High-density paraffin-embedded breast cancer microarrays were purchased from Clinomics Biosciences (Pittsfield, MA, USA). Sections were dewaxed using routine dewaxing protocols. After blocking endogenous peroxidase activity with 3% H₂O₂ for 15 min, the antigen was retrieved using 1% SDS in TBS buffer (100 mM Tris pH 7.4, 138 mM NACl, 27 mM KCl). The sections were stained with scFv-Grp78-H19 at concentration of 5 μg/mL in PBSA solution (0.1% Triton X-100 in PBS) overnight. The second antibody was _targeted against the c-myc-tag in the antibody (mouse MAb 9E10, Cambridge Research Biochemicals, Wilmington, DE, USA) and used at 1:1,000 dilution. A standard Vecta-stain ‘ABC kit’ (Vector Laboratories) was used with indirect avidin-biotin horseradish peroxidase staining.

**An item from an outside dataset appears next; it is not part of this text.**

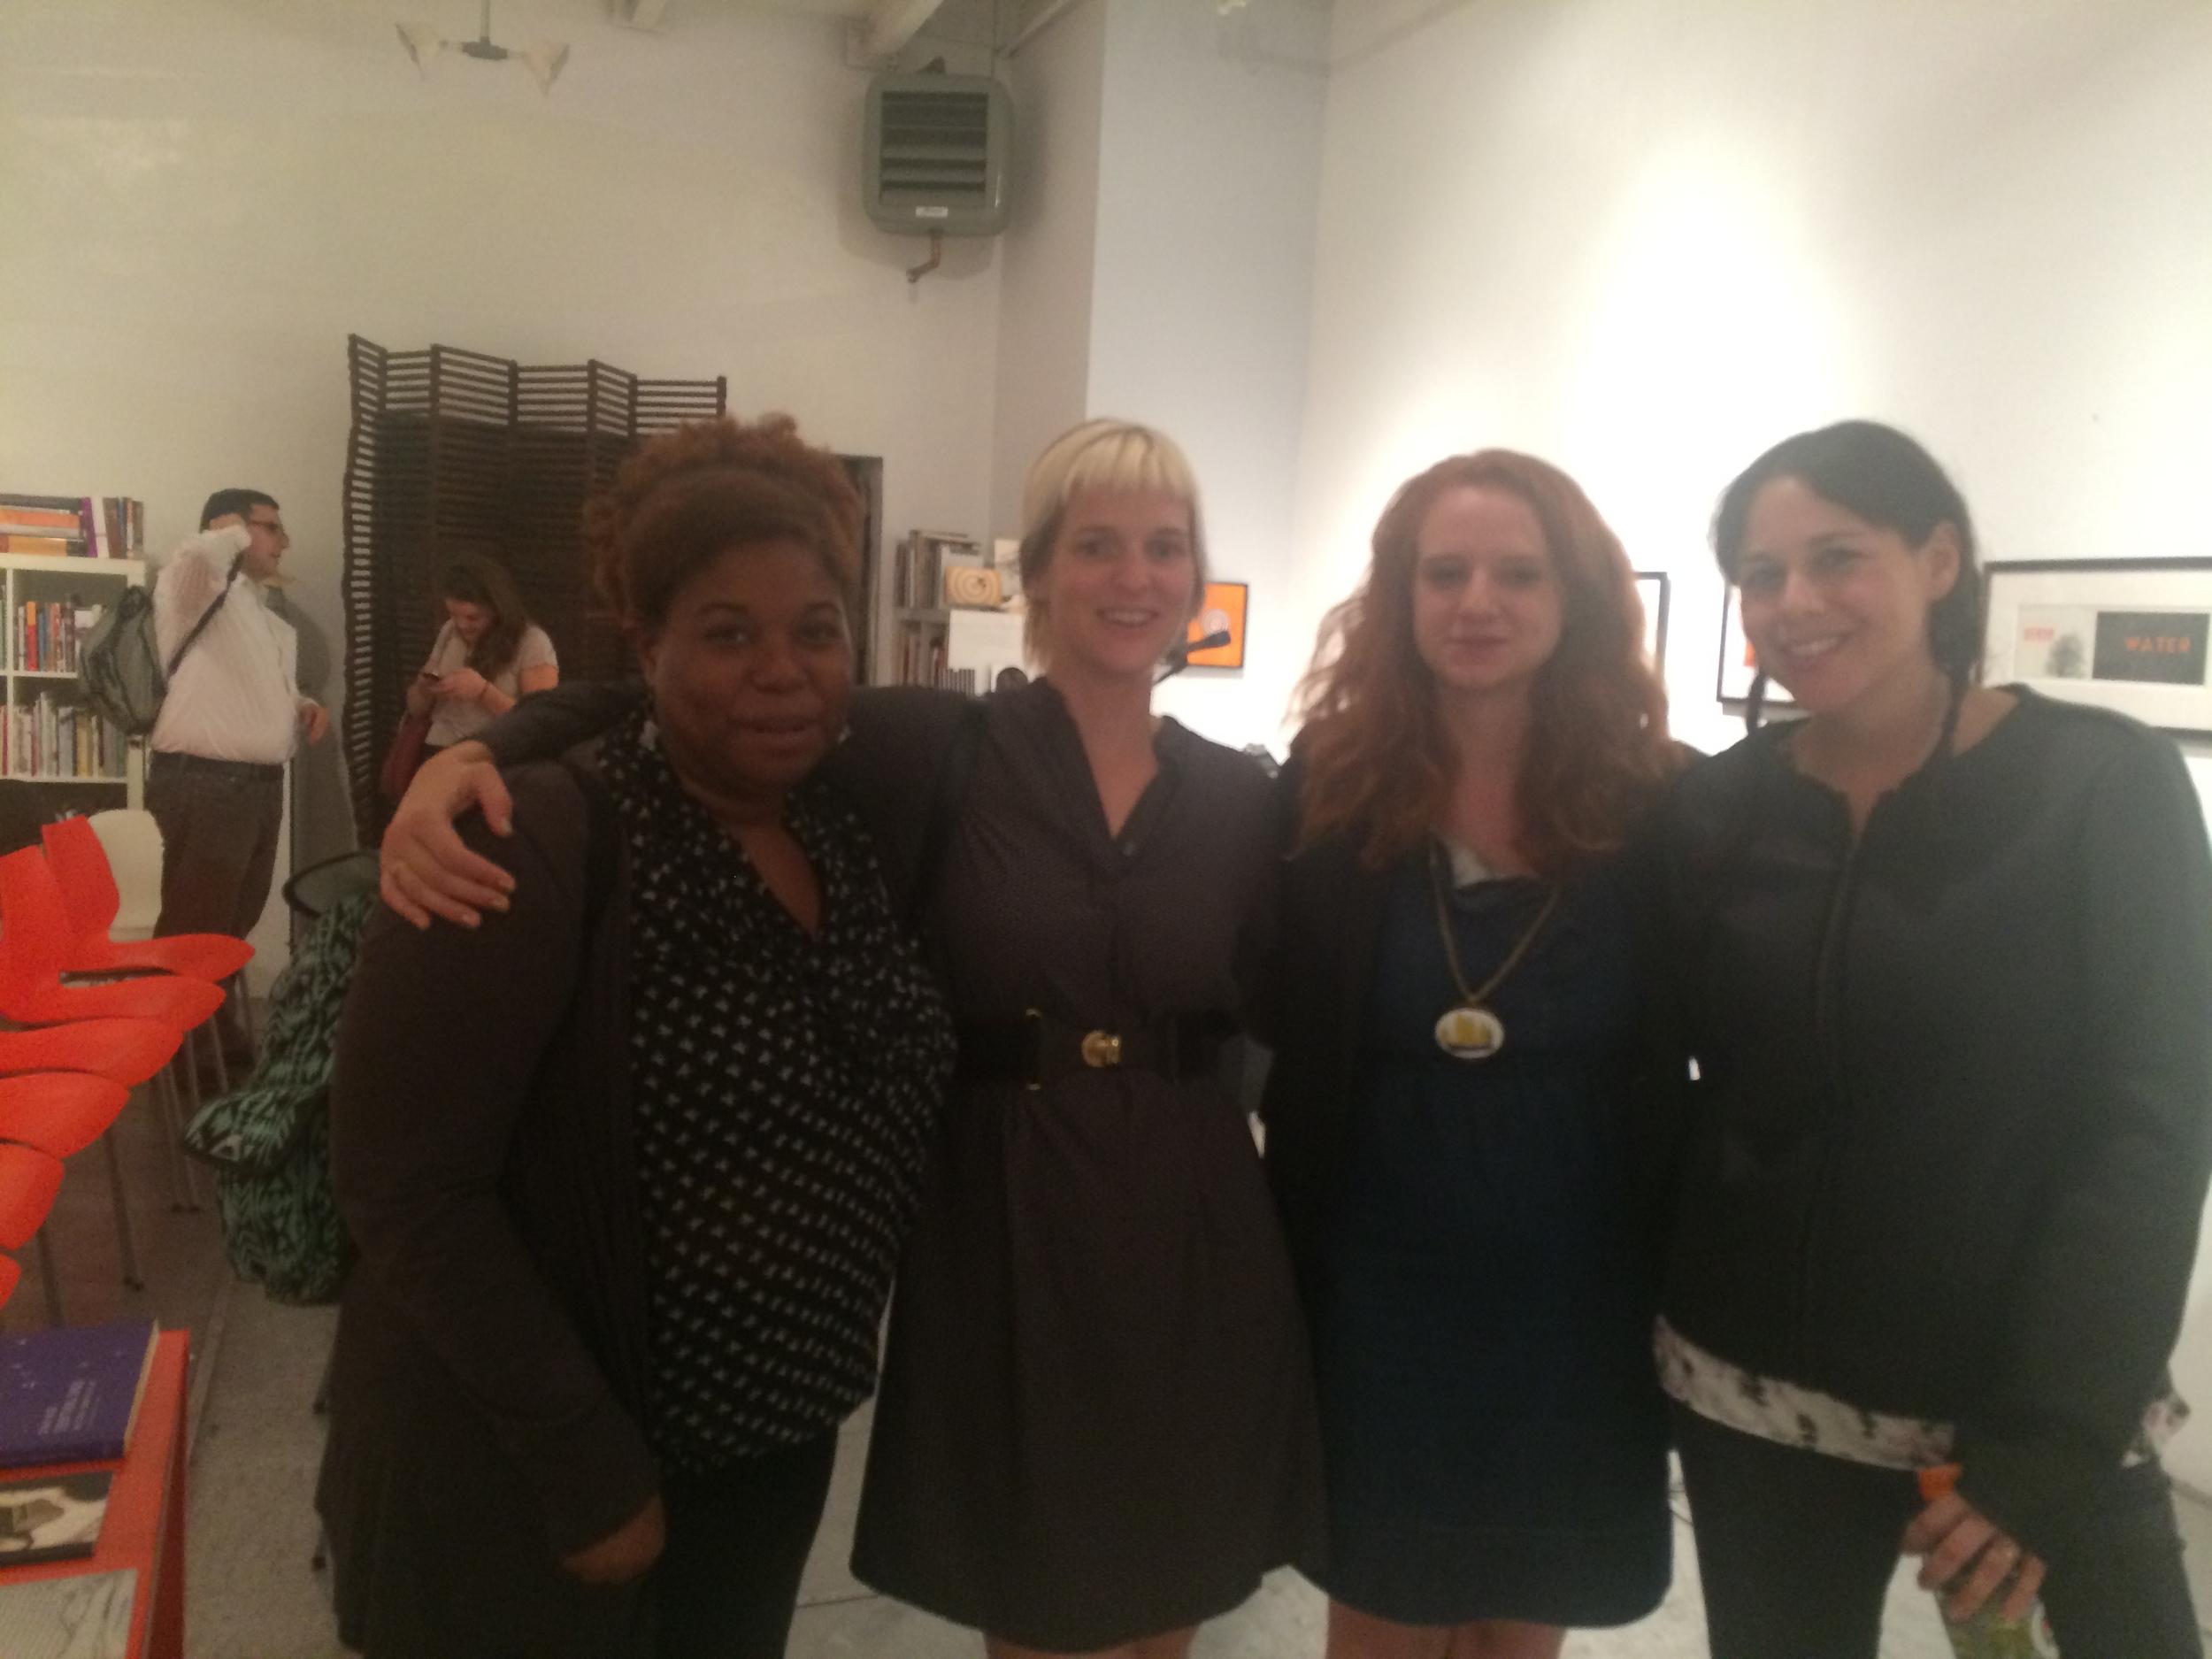 The readers pose alongside poet Lauren Hunter.

3.6. Detection of Cellular Apoptosis

MDA-MB-231/GFP human breast cancer cells were grown to 60% confluence in chamber slides. Apoptosis and nuclear chromatin condensation was carried out with the Hoechst dye H33342 (20 μg mL⁻¹) for 30 min, and nuclei were visualized using a Nikon Eclipase E400 fluorescence microscope with the Lucia image program. A minimum of 200 cells were counted in each sample and condensed or fragmented nuclei were expressed as a percentage of the total number of nuclei [10].

4. Conclusions

In summary, we report here that a Qdot-labelled anti-GRP78 scFv antibody can be used to detect GRP78 protein in both live and fixed cancer cells. Moreover we have demonstrated for the first time that Qdot-GRP78 scFv has biological tumoricidal activity and inhibits breast tumour growth in a xenograft in vivo model. The majority of previous studies using Qdots in biomedicine have been concerned with drug delivery, diagnostics, imaging and cell tracking. The therapeutic success of this study is potentially due to the ability of the labeled nanobead antibody to be internalised into the cancer cells through surface expression of the GRP78 protein.